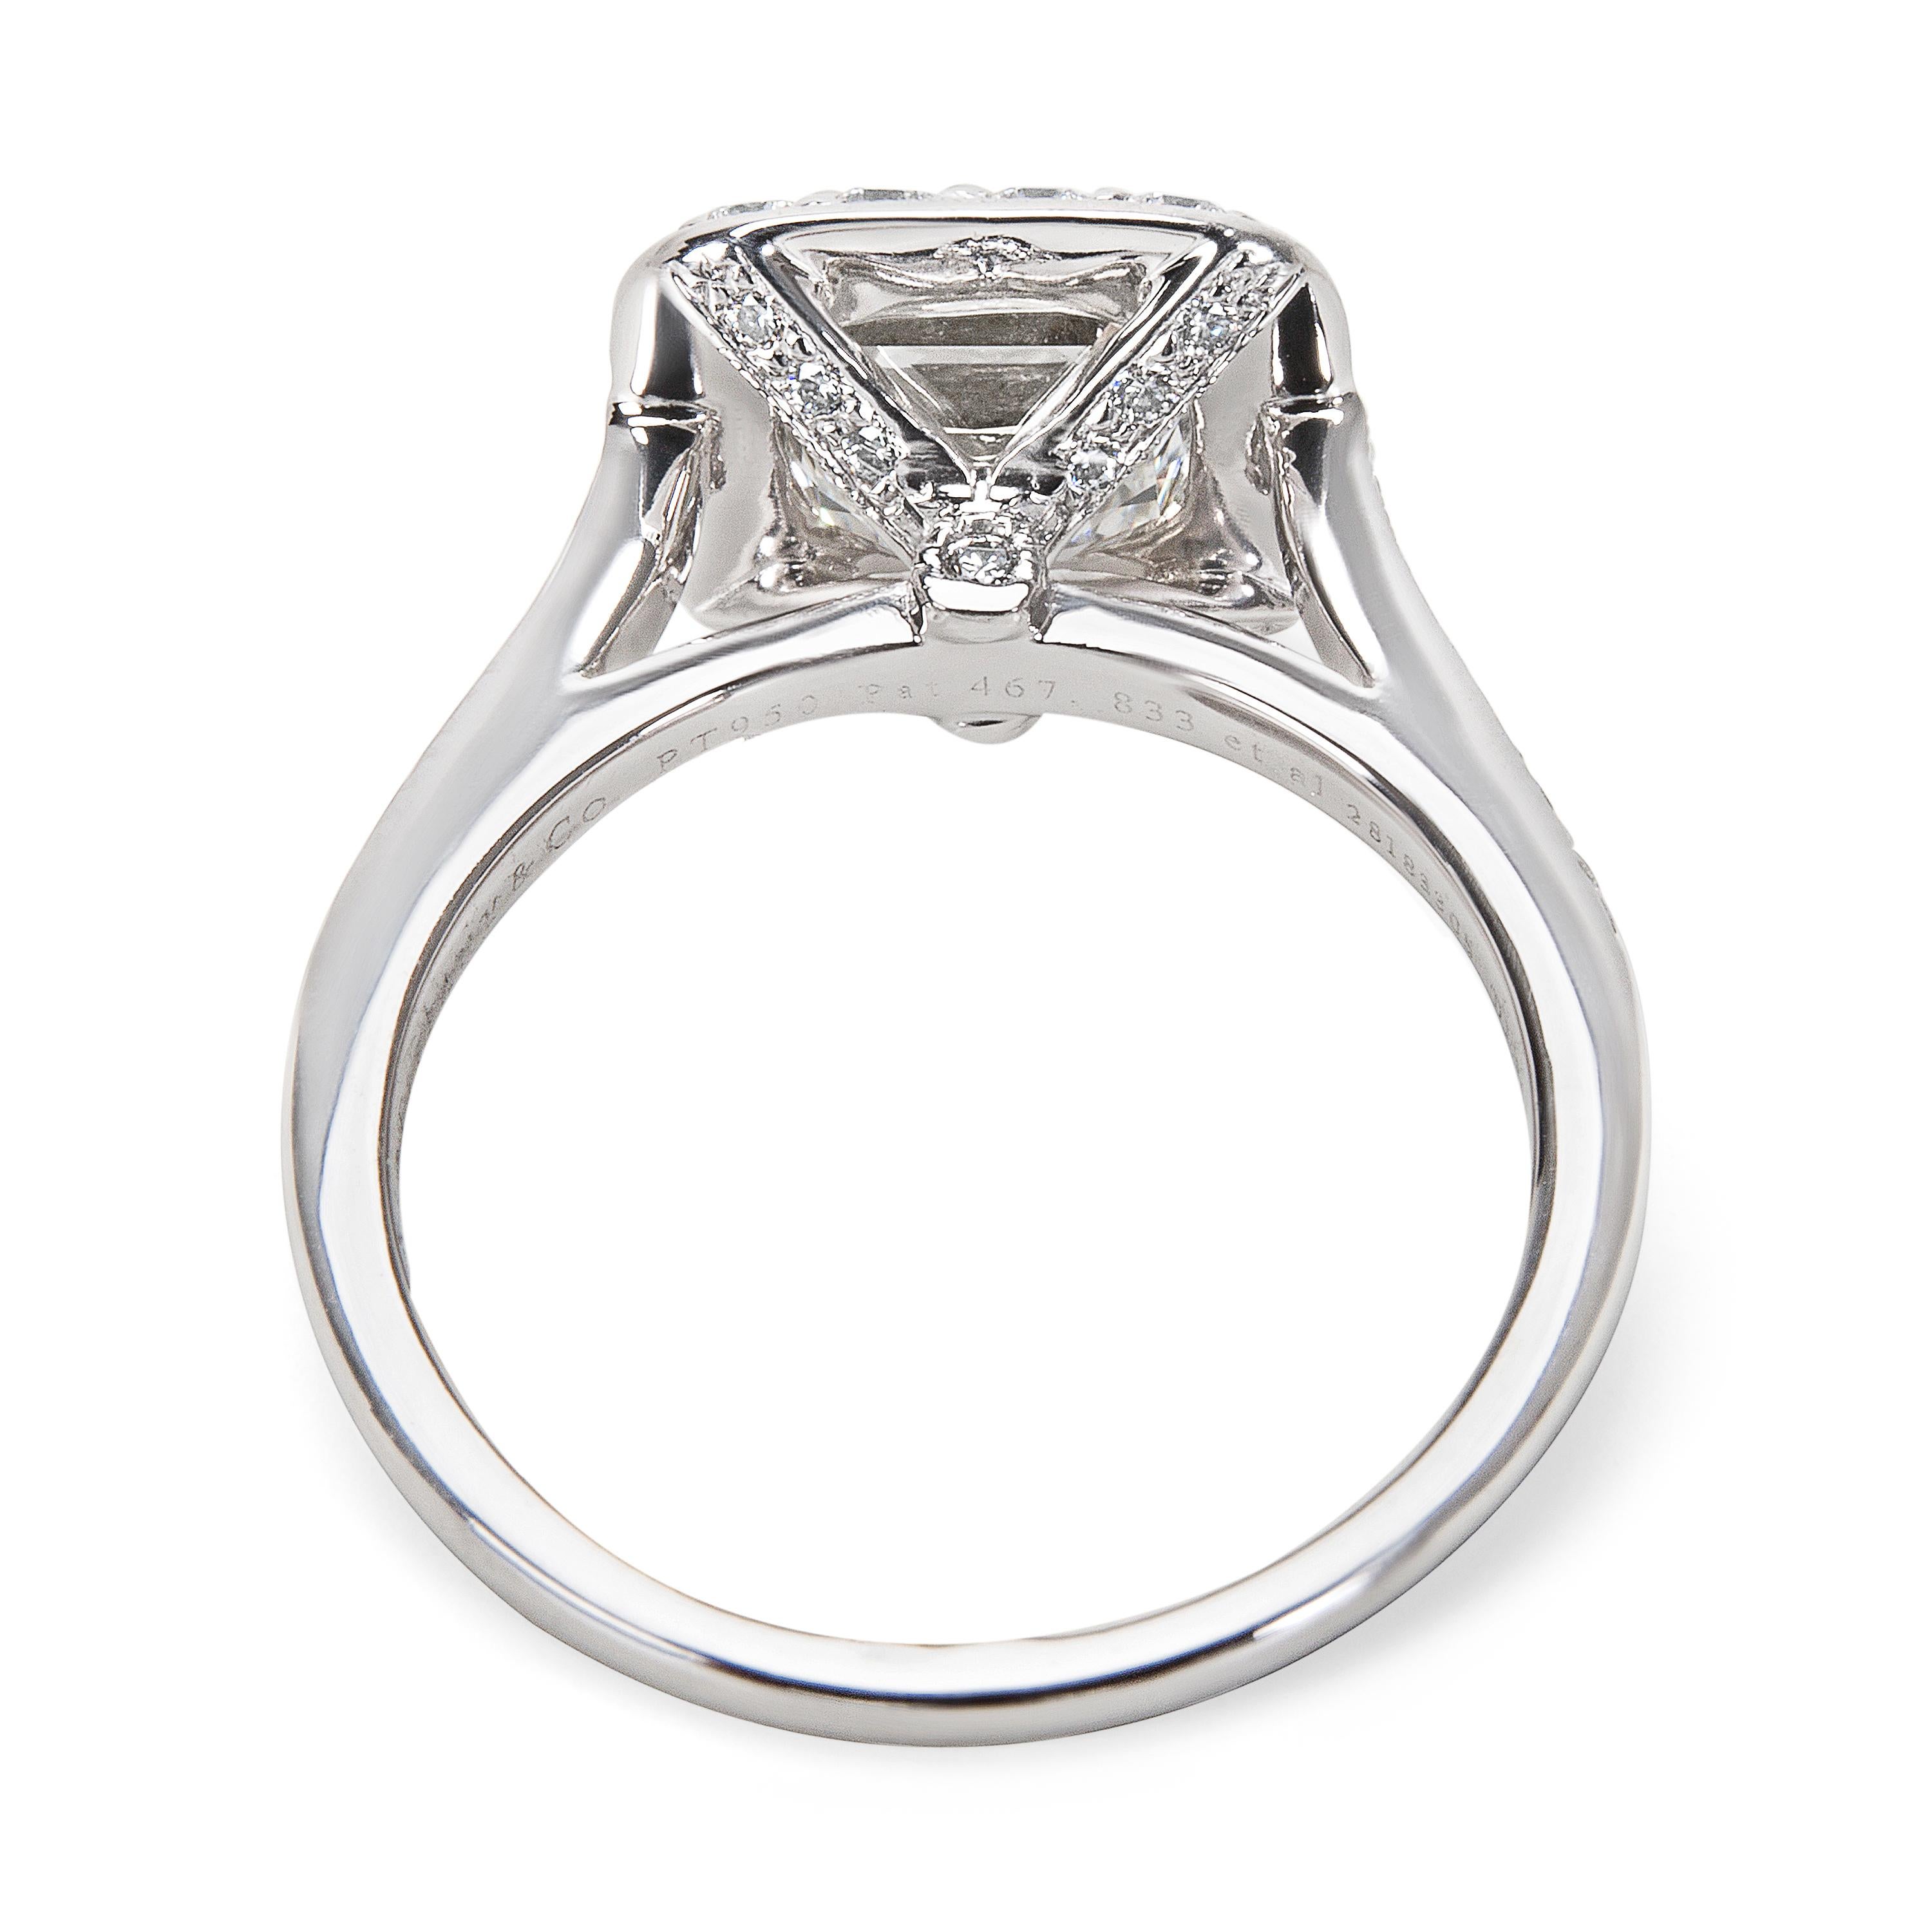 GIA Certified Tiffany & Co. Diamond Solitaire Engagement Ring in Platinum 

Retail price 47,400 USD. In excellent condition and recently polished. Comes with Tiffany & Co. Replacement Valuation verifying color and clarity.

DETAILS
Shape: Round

• • • • • • •

What is required
Output all the material above exactly once more, leaving every picture out.

Task output
 GIA Certified Tiffany & Co. Diamond Solitaire Engagement Ring in Platinum 

Retail price 47,400 USD. In excellent condition and recently polished. Comes with Tiffany & Co. Replacement Valuation verifying color and clarity.

DETAILS
Shape: Round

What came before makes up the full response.